We Astrozen Pharmaceuticals Pvt. Ltd. have a well experienced, young and dynamic team of Regulatory Affairs consists of elite, highly qualified professionals engaged in providing data required to assure the high Quality, efficacy and safety of our Products. We can provide clinical Trials, Impurity Profiles, DMF, BE/BA Studies for registration of our products as per guidelines of health authorities in both Regulated and Non-Regulates markets. We have tie ups with well-established study centers which are approved from local DCGI and other international regulatory authorities, to carry out Clinical / Pre-clinical studies for various dosage forms.

Our teams of regulatory affairs professionals work closely to develop and implement viable strategies to move projects from conception to approval.

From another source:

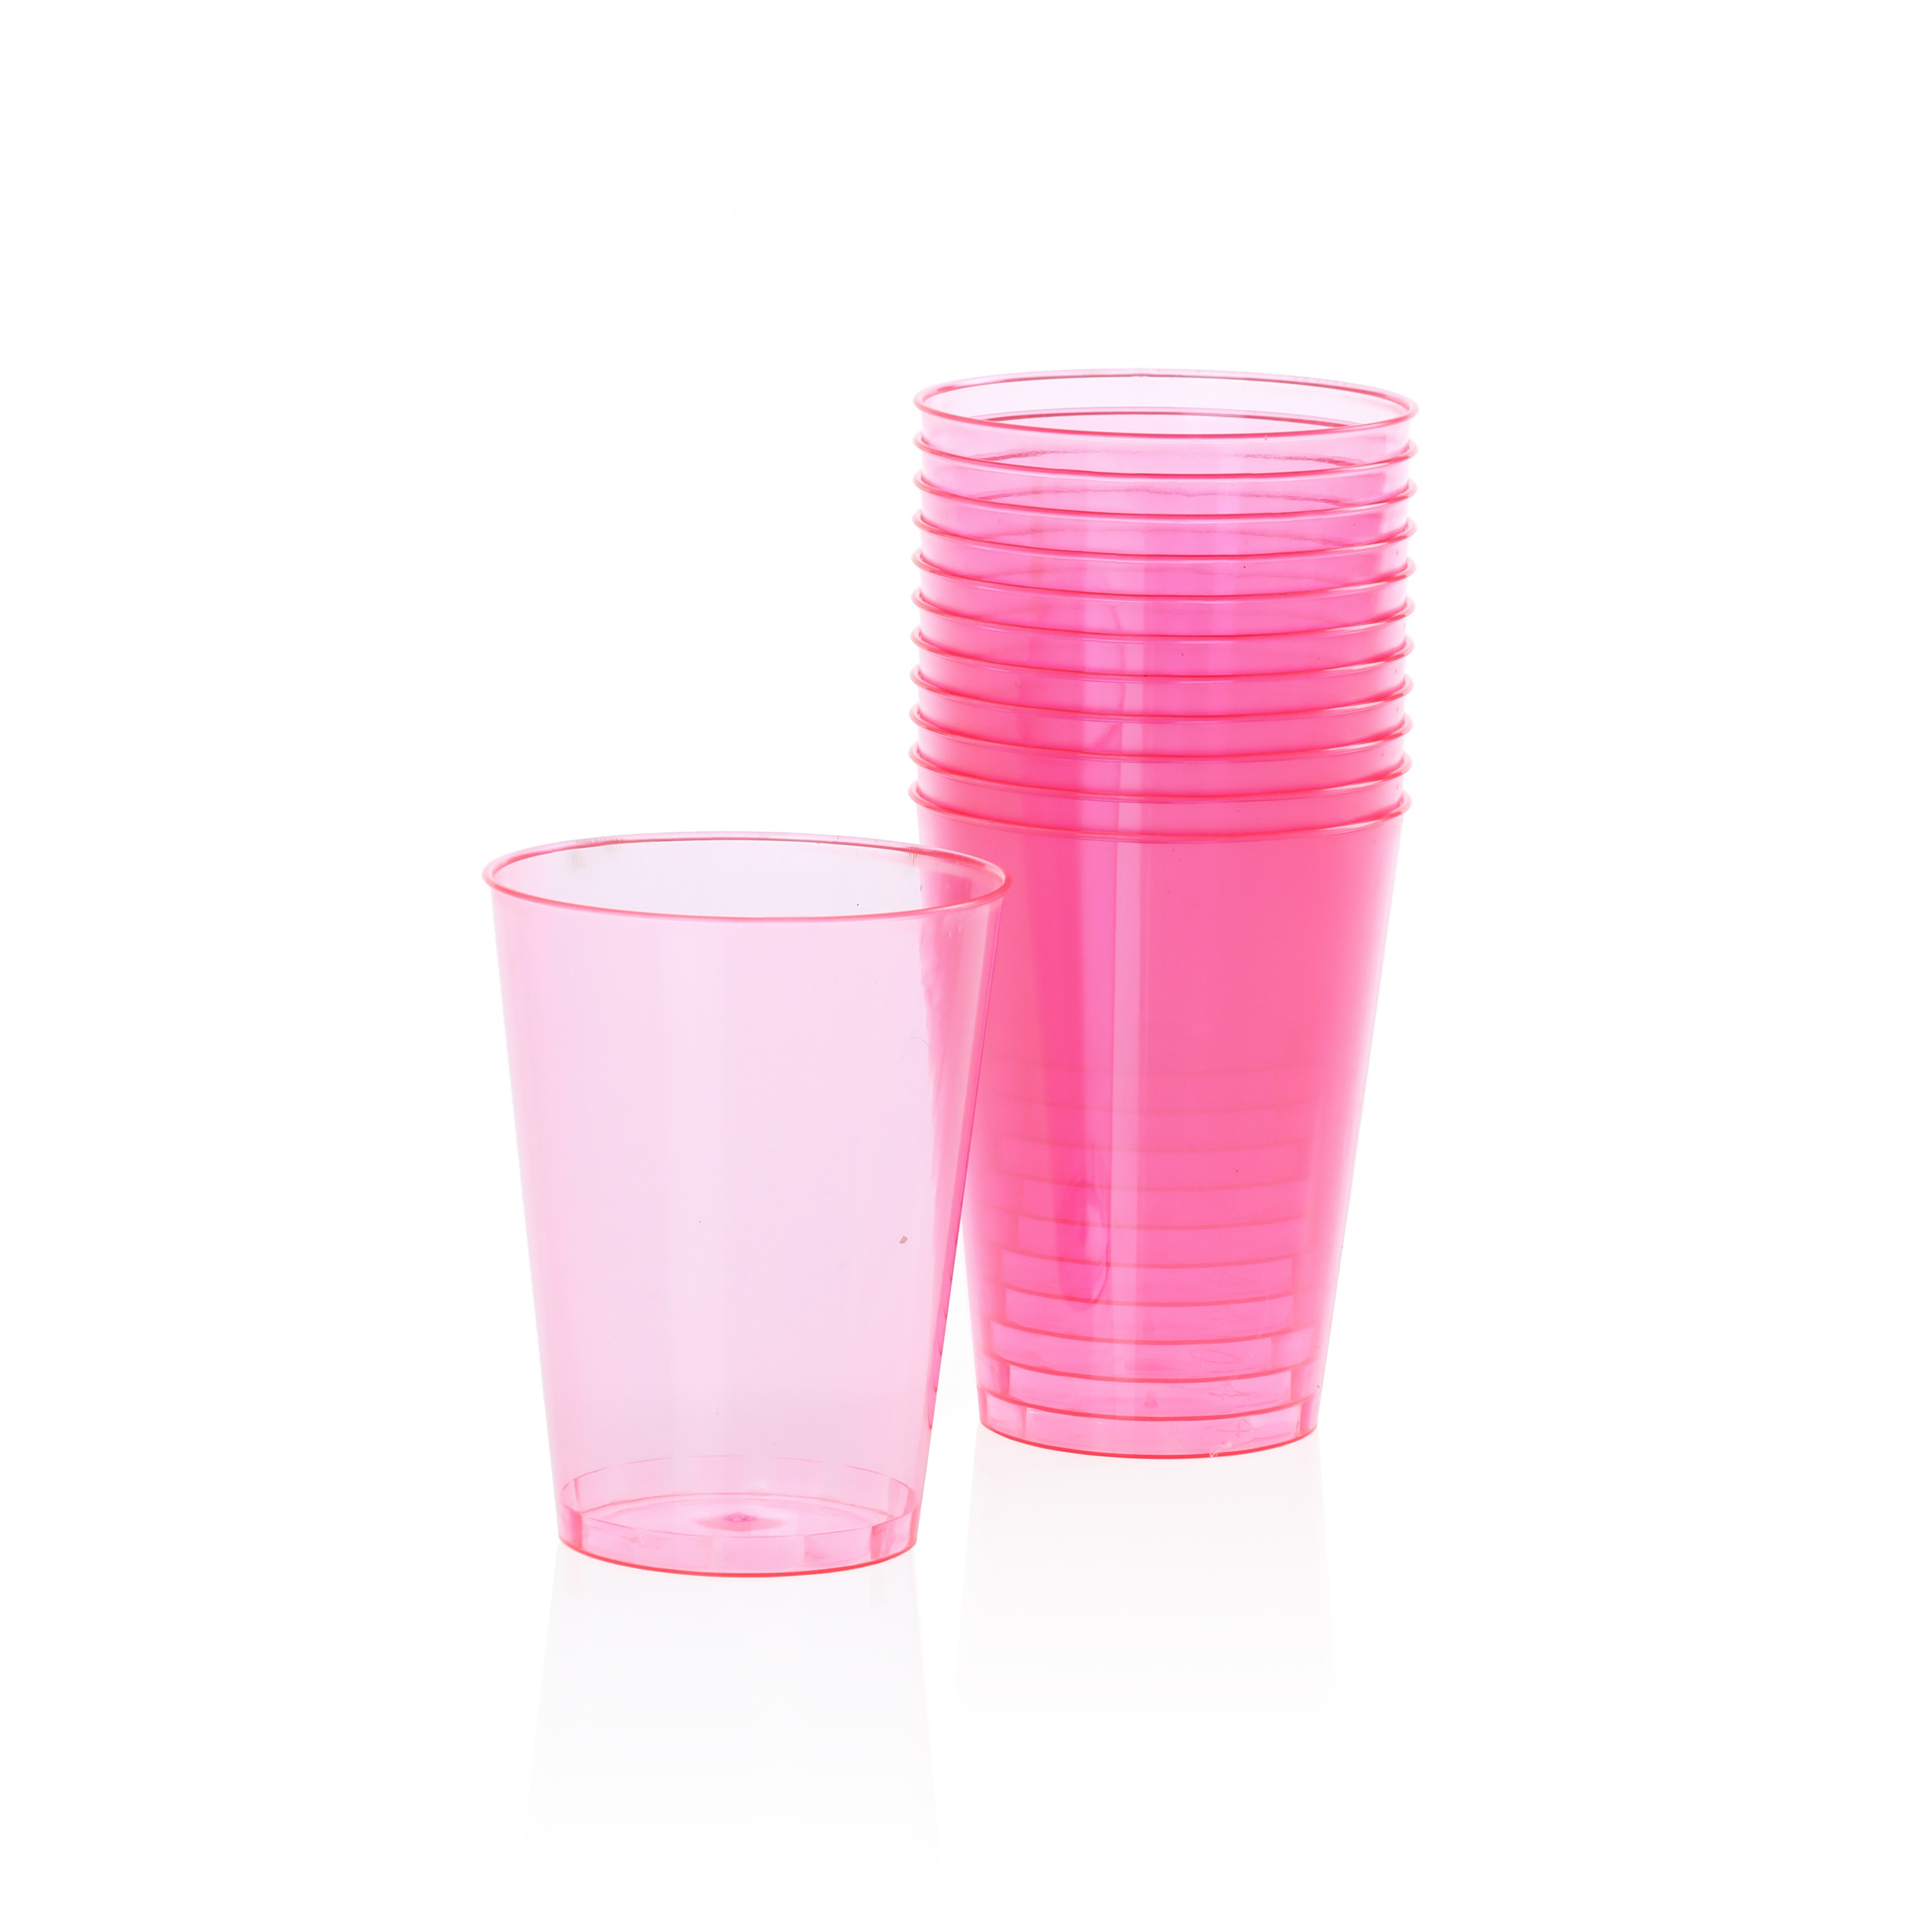 כוסות פלסטיק קשיח- ורוד

• We have requisite infrastructure & expertise to support our associates with excellent technical and Regulatory submission (ACTD,IND, CTA, NDA, CTD, DMF, ANDA)
• Astrozen Pharmaceuticals Pvt. Ltd. has Regulatory experts for each country and region which ensures that we have up-to-date local knowledge of the submission process, specific to the country.
• Astrozen Pharmaceuticals Pvt. Ltd. understands the significance of high quality documents to the relevant Regulatory Authorities to ensure that approvals are made in a timely fashion.
• The Regulatory Affairs staff assigned to your dedicated Project Team work to ensure the successful and timely submission of your product application.